Григорий Кружков - Очерки по истории английской поэзии. Поэты эпохи Возрождения. Том 1
Таким путем Калибан приходит к мысли, что главный бог – Покой, который и создал этот мир, а Сетебос его только «растревожил» (vexed). Но зачем этот Другой сделал мир таким слабым, что его можно растревожить? Почему Он не сделал все вещи неуязвимыми и недвижными? Тут Калибан запутывается и возвращается к восхищению и страху перед всемогущим Сетебосом; участь земных тварей – жить в страхе перед Ним и не мечтать ни о каком лучшем мире, пока Он каким-то неведомым образом не растревожит сам великий Покой – или не превратится в него, «как личинки превращаются в бабочек»; а до той поры – есть мы, и есть Он, этого не изменишь. Вот как Калибан рассуждает о бессмертии (первое «он» относится к Калибану, говорящему о себе в третьем лице):
Он верит: с жизнью кончится и мука.
Мамаша думала, что после смерти
Удастся ей и докучать врагам,
И угощать друзей. чушь! Есть лишь этот
Мир, где Он мучит нас, – давая роздых
Лишь для того, чтоб не замучить сразу,
Приберегая худшее к концу.
Потом – нет ничего! А в этом мире,
чтоб не гневить Его, всего вернее –
Прикидываться жалким и несчастным.
Так безопаснее. чуть Он заметит
Двух мотыльков, что нежатся на травке, –
Прихлопнет сразу. Или двух жучков,
Катящих шарик неприметной тропкой, –
Тотчас же веткой их с пути собьет.
Калибан ненавидит и боится Сетебоса и потому при свете солнца только скулит, стонет и ругается, а ночью, когда никто не может его видеть, танцует в темноте и смеется, забравшись в какую-нибудь тайную щель. Он очень боится, что Сетебос может услышать его вольные речи. Авось, надеется он, как-нибудь обойдется, ведь даже волдыри проходят и болячки тоже, если их помазать грязью, авось либо Покой доберется до Сетебоса и окончательно с ним покончит, либо Он сам одряхлеет и впадет в беспробудную спячку.
Взлетевшая неподалеку ворона ввергает Калибана в панику. Она подслушивала! Она все донесет Сетебосу! Распростершись ничком, он клянется в любви своему богу, скалится, растягивая верхнюю губу в умильной улыбке, и клянется постом и покаянием искупить свою вину.
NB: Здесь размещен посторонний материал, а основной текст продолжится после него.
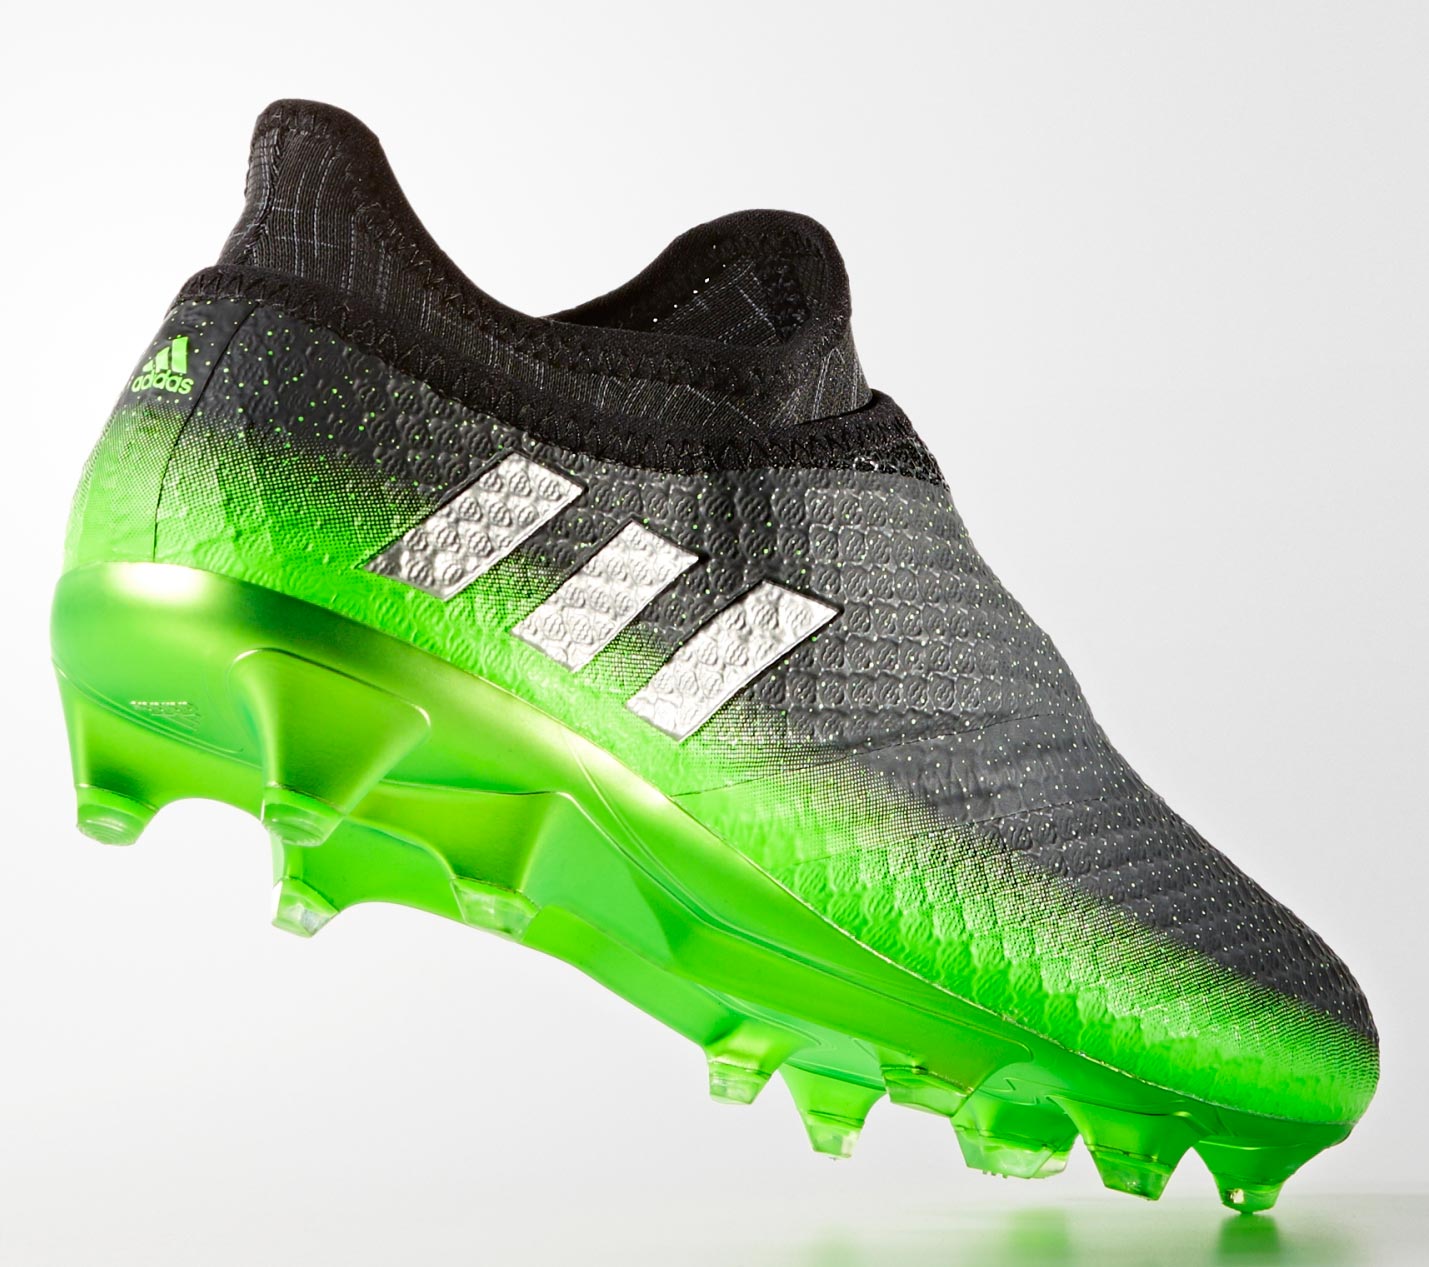 cent mixer Cater Adidas Messi 16+ PureAgility Space Dust Boots Released - Footy Headlines

VIIIПримечательно стихотворение Райнера Мария Рильке «Ариэль»[133], написанное в 1912 году. Годом ранее в Испании он читал эту пьесу вслух с Катариной Киппенберг, и она его сильно задела (хоть в целом к Шекспиру он был почти равнодушен). Акт отречения Просперо от магии Рильке воспринимает однозначно как отречение от искусства, и это болезненно возвращает его к раздумьям, преследовавшим его несколько предыдущих лет. Не отказаться ли совсем от поэзии, раз она бессильна изменить мир? Не честнее ли заняться какой-нибудь полезной профессией, например, сделаться сельским врачом? В конце концов он пришел к выводу, что его долг оставаться верным своему призванию – поэзии, которая хотя и не может «врачевать раны», но таинственно служит какой-то высшей космической цели[134].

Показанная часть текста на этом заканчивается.